A regression analysis is performed in the following code using three different models: Linear Regression, Lasso Regression, and Ridge Regression. Calculate the AIC (Akaike Information Criterion) and BIC (Bayesian Information Criterion) for each model by completing the ```calculate_aic_bic``` function.
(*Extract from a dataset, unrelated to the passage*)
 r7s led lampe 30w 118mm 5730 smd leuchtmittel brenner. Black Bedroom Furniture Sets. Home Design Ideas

*For more information, refer to **4.8  Tuning Model Complexity: Bias/Variance Dilemma** section of **Introduction to Machine Learning, 4th Edition, The MIT Press, 2020** by Ethem Alpaydın and Lecture 05: Parametric Method slides from class.*

*Further reading on https://vitalflux.com/aic-vs-bic-for-regression-models-formula-examples/*

In [1]:
import numpy as np
from sklearn.model_selection import train_test_split
from sklearn.linear_model import LinearRegression, Lasso, Ridge
from sklearn.metrics import mean_squared_error
from tabulate import tabulate

def calculate_aic_bic(y_true, y_pred, num_params, n):
    mse = mean_squared_error(y_true, y_pred)
    log_likelihood = -0.5 * len(y_true) * np.log(2 * np.pi * mse) - 0.5 * len(y_true)
    ############################################################
    #Edit the following code
    aic = 2 * num_params - 2 * log_likelihood
    bic = np.log(n) * num_params - 2 * log_likelihood
    ############################################################
    return aic, bic, mse

# Generating sample data
np.random.seed(42)
X = np.random.rand(100, 5)
y = 2*X[:, 0] + 3*X[:, 1] - 4*X[:, 2] + np.random.randn(100)
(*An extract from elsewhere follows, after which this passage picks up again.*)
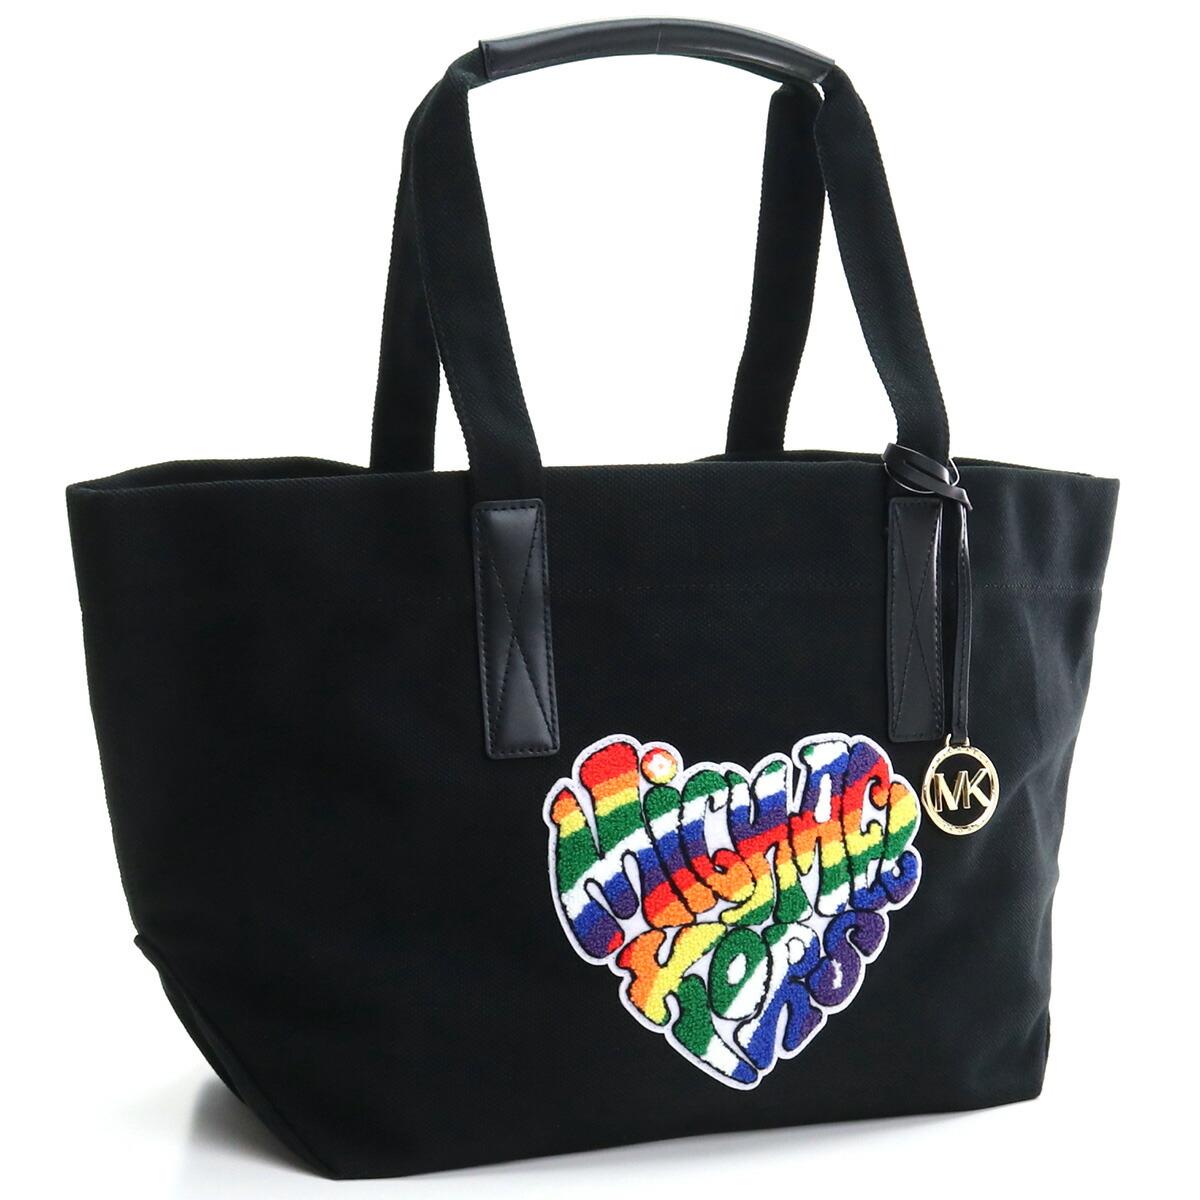 マイケル・コース MICHAEL KORS  トートバッグ ブランドバッグ ブランドトートバッグ 30T1G01T3C 001 BLACK ブラック bag-01

# Split the data into training and testing sets
X_train, X_test, y_train, y_test = train_test_split(X, y, test_size=0.2, random_state=42)

# Linear Regression
linear_model = LinearRegression()
linear_model.fit(X_train, y_train)
linear_predictions = linear_model.predict(X_test)
linear_params = X_train.shape[1] + 1  # Including the intercept
linear_aic, linear_bic, linear_mse = calculate_aic_bic(y_test, linear_predictions, linear_params, len(y_test))

# Lasso Regression
lasso_model = Lasso(alpha=0.01)
lasso_model.fit(X_train, y_train)
lasso_predictions = lasso_model.predict(X_test)
lasso_params = np.count_nonzero(lasso_model.coef_) + 1  # Including the intercept
lasso_aic, lasso_bic, lasso_mse = calculate_aic_bic(y_test, lasso_predictions, lasso_params, len(y_test))

# Ridge Regression
ridge_model = Ridge(alpha=0.01)
ridge_model.fit(X_train, y_train)
ridge_predictions = ridge_model.predict(X_test)
ridge_params = X_train.shape[1] + 1  # Including the intercept
ridge_aic, ridge_bic, ridge_mse = calculate_aic_bic(y_test, ridge_predictions, ridge_params, len(y_test))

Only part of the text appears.